Notícias Alternativas legais
Mesmo derrotado, Trump ainda tem instrumentos para reintroduzir tarifas
Após a Suprema Corte dos EUA derrubar o tarifaço global, governo norte-americano avalia dispositivos legais que permitem novas tarifas.

Com a decisão da Suprema Corte dos Estados Unidos que derrubou o tarifaço global imposto por Donald Trump, ao considerar ilegal o uso da Lei de Poderes Econômicos de Emergência Internacional (IEEPA, da sigla em inglês) para criar tarifas sem aval do Congresso, a Casa Branca passou a mapear alternativas jurídicas que permitam preservar parte da estratégia comercial adotada no segundo mandato do presidente.

Foto: Divulgação
Embora o tribunal tenha delimitado o alcance dos poderes emergenciais, a legislação comercial americana oferece outros instrumentos que podem ser acionados pelo Executivo, ainda que com requisitos e limitações distintas.
Uma das vias mais rápidas é a Seção 122 da Lei de Comércio, que autoriza a imposição de tarifas de até 15% por um período de até seis meses em situações de desequilíbrio nas contas externas ou risco de desvalorização do dólar. Trata-se de um mecanismo de resposta imediata, sem necessidade de investigação formal prévia. Contudo, qualquer prorrogação depende de autorização do Congresso, o que introduz um freio político relevante.

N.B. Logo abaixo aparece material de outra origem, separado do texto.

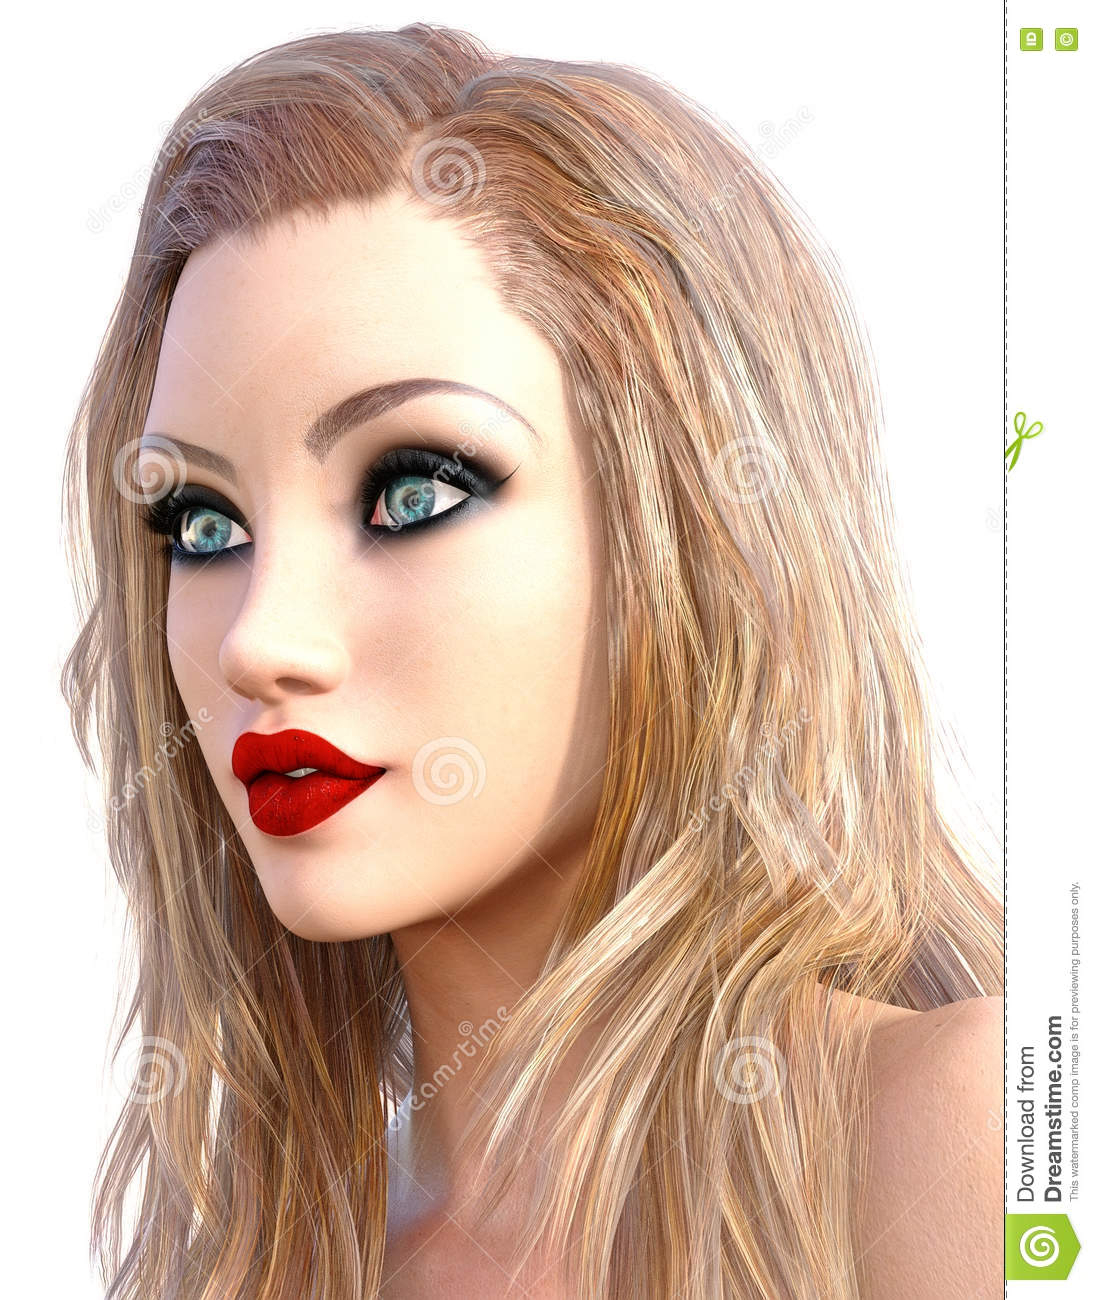 Eye Makeup For Blonde Hair Green Eyes Glamorous Girl Stock Illustration Illustration Of Romantic 76364980

Outra alternativa é a Seção 301 da Lei de Comércio de 1974, instrumento mais robusto e já utilizado por Trump em seu primeiro mandato na disputa tarifária com a China. Esse dispositivo permite a abertura de investigações sobre práticas comerciais consideradas desleais por outros países. Caso confirmadas, o governo pode impor tarifas sem limite de valor ou duração. O processo, porém, é mais demorado, pois exige investigação formal, consultas públicas e justificativa técnica.

Foto: José Fernando Ogura
Também aparece como possibilidade a Seção 338 da Lei de 1930, que autoriza tarifas de até 50% contra países que discriminem o comércio americano. Apesar de nunca ter sido aplicada na prática, a norma não exige investigação tão estruturada quanto a Seção 301, o que poderia torná-la um caminho mais ágil, ainda que juridicamente controverso e sujeito a questionamentos.

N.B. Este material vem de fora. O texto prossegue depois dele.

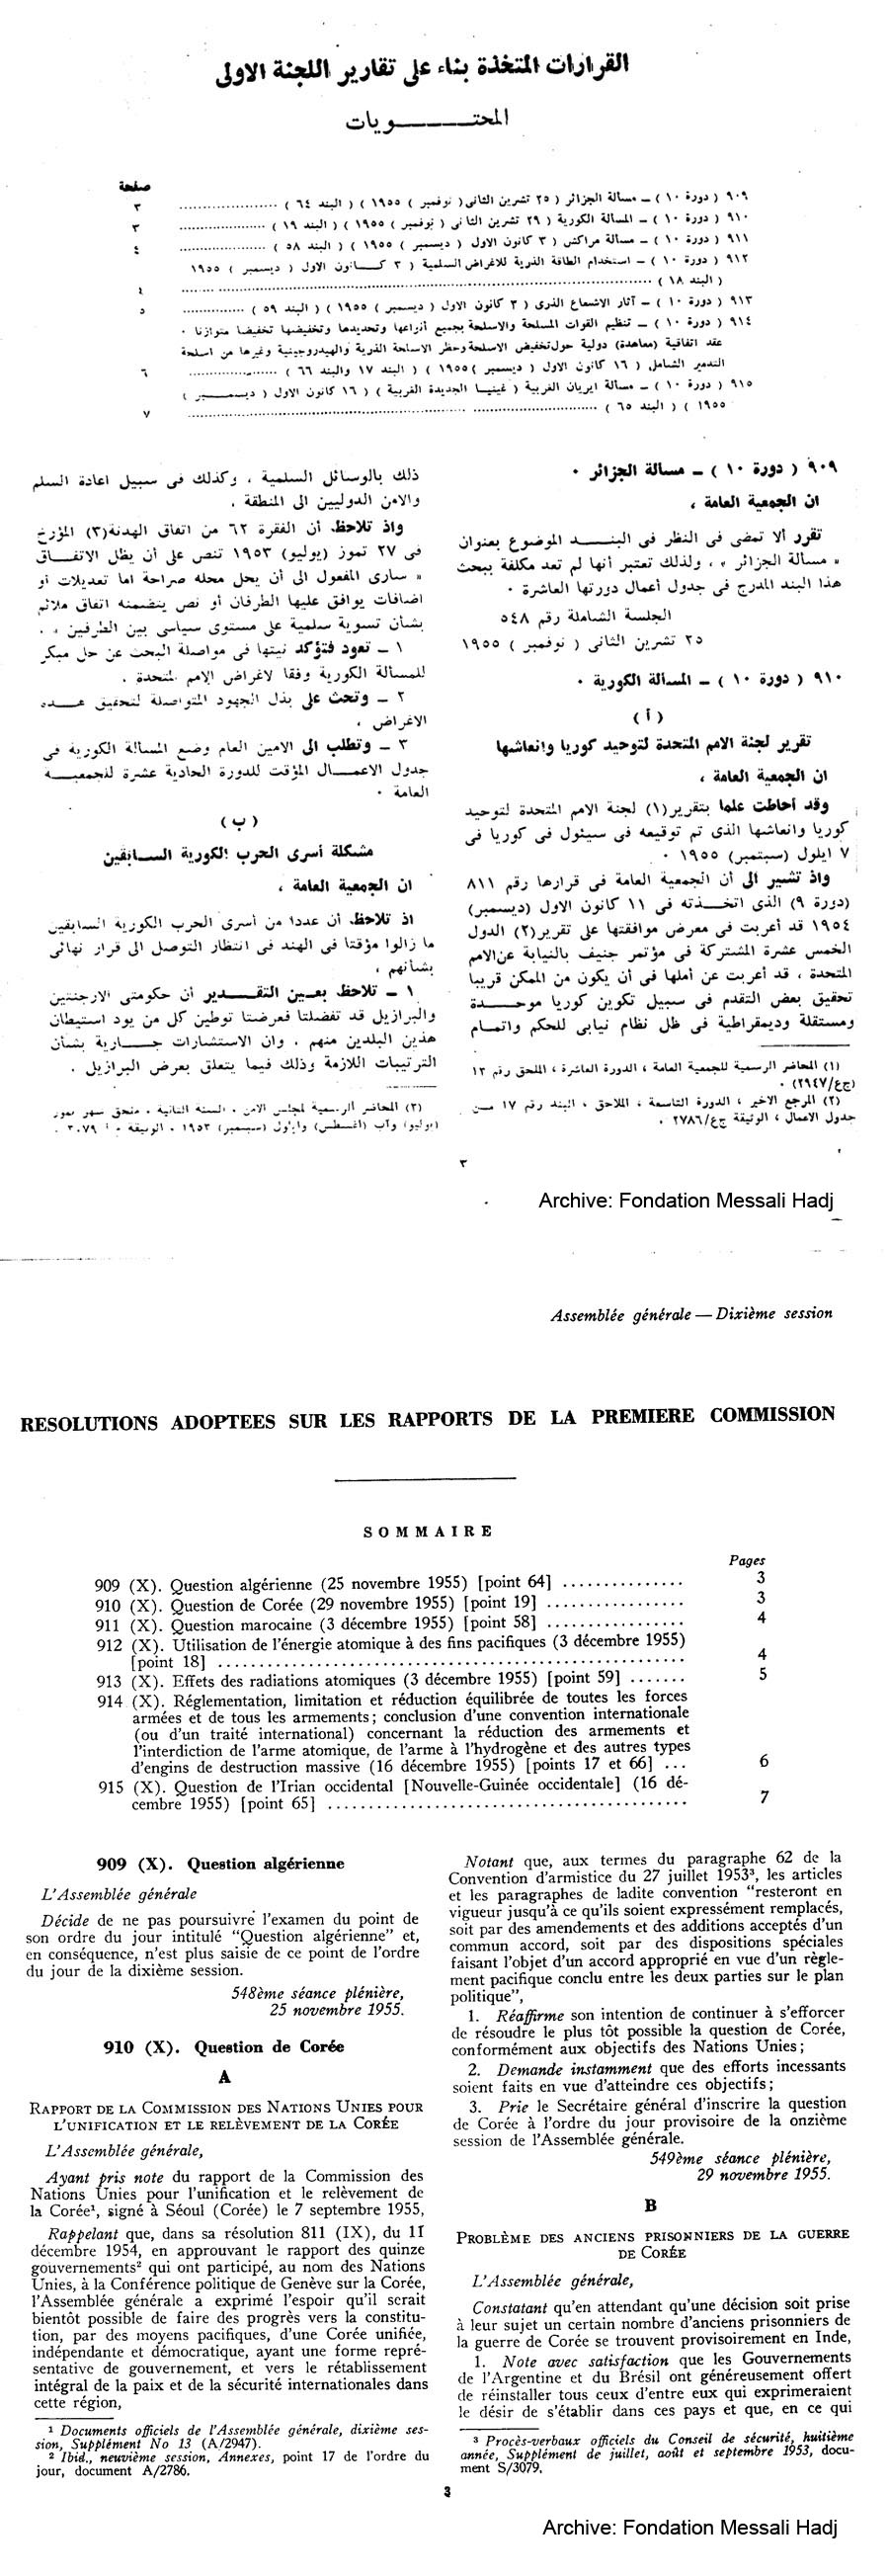 Statut Algerie 1947

Por fim, permanece válida a Seção 232 da Lei de Expansão Comercial de 1962, já utilizada para justificar tarifas sobre aço, alumínio e automóveis com base em argumentos de segurança nacional. Nesse caso, o governo sustenta que a dependência excessiva de importações pode comprometer a indústria estratégica e a defesa do país. A aplicação normalmente envolve investigação conduzida pelo Departamento de Comércio, o que torna o processo mais técnico e relativamente mais lento do que a utilização de poderes emergenciais.

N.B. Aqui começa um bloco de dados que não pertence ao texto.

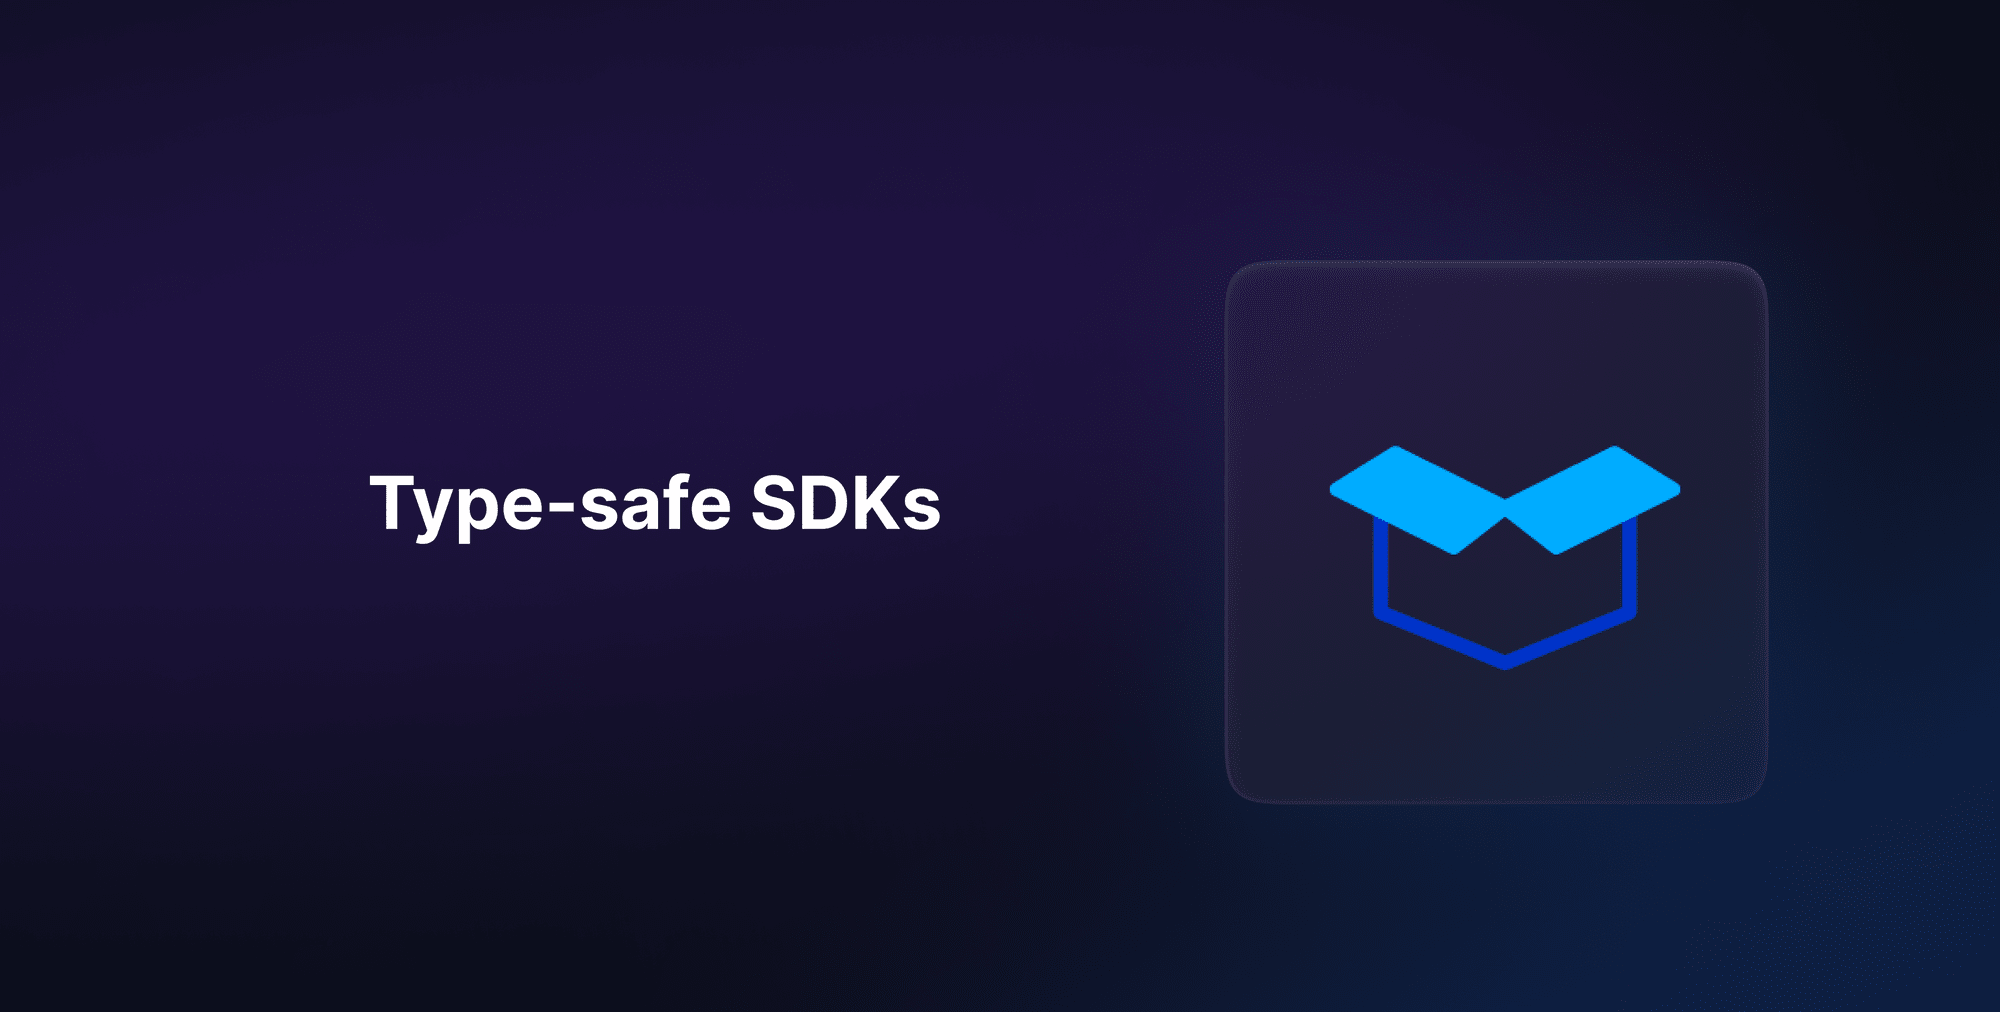 Type-safe SDKs for better developer experience

Alguns desses fundamentos, inclusive, foram mencionados no voto dissidente do ministro Brett Kavanaugh, que defendeu interpretação mais ampla dos poderes presidenciais na condução da política comercial.
Embora a Suprema Corte tenha limitado o uso da IEEPA como instrumento para impor tarifas de forma imediata e unilateral, o arsenal jurídico disponível ao Executivo americano ainda permite diferentes caminhos para reintroduzir barreiras comerciais, agora sob maior escrutínio político e judicial.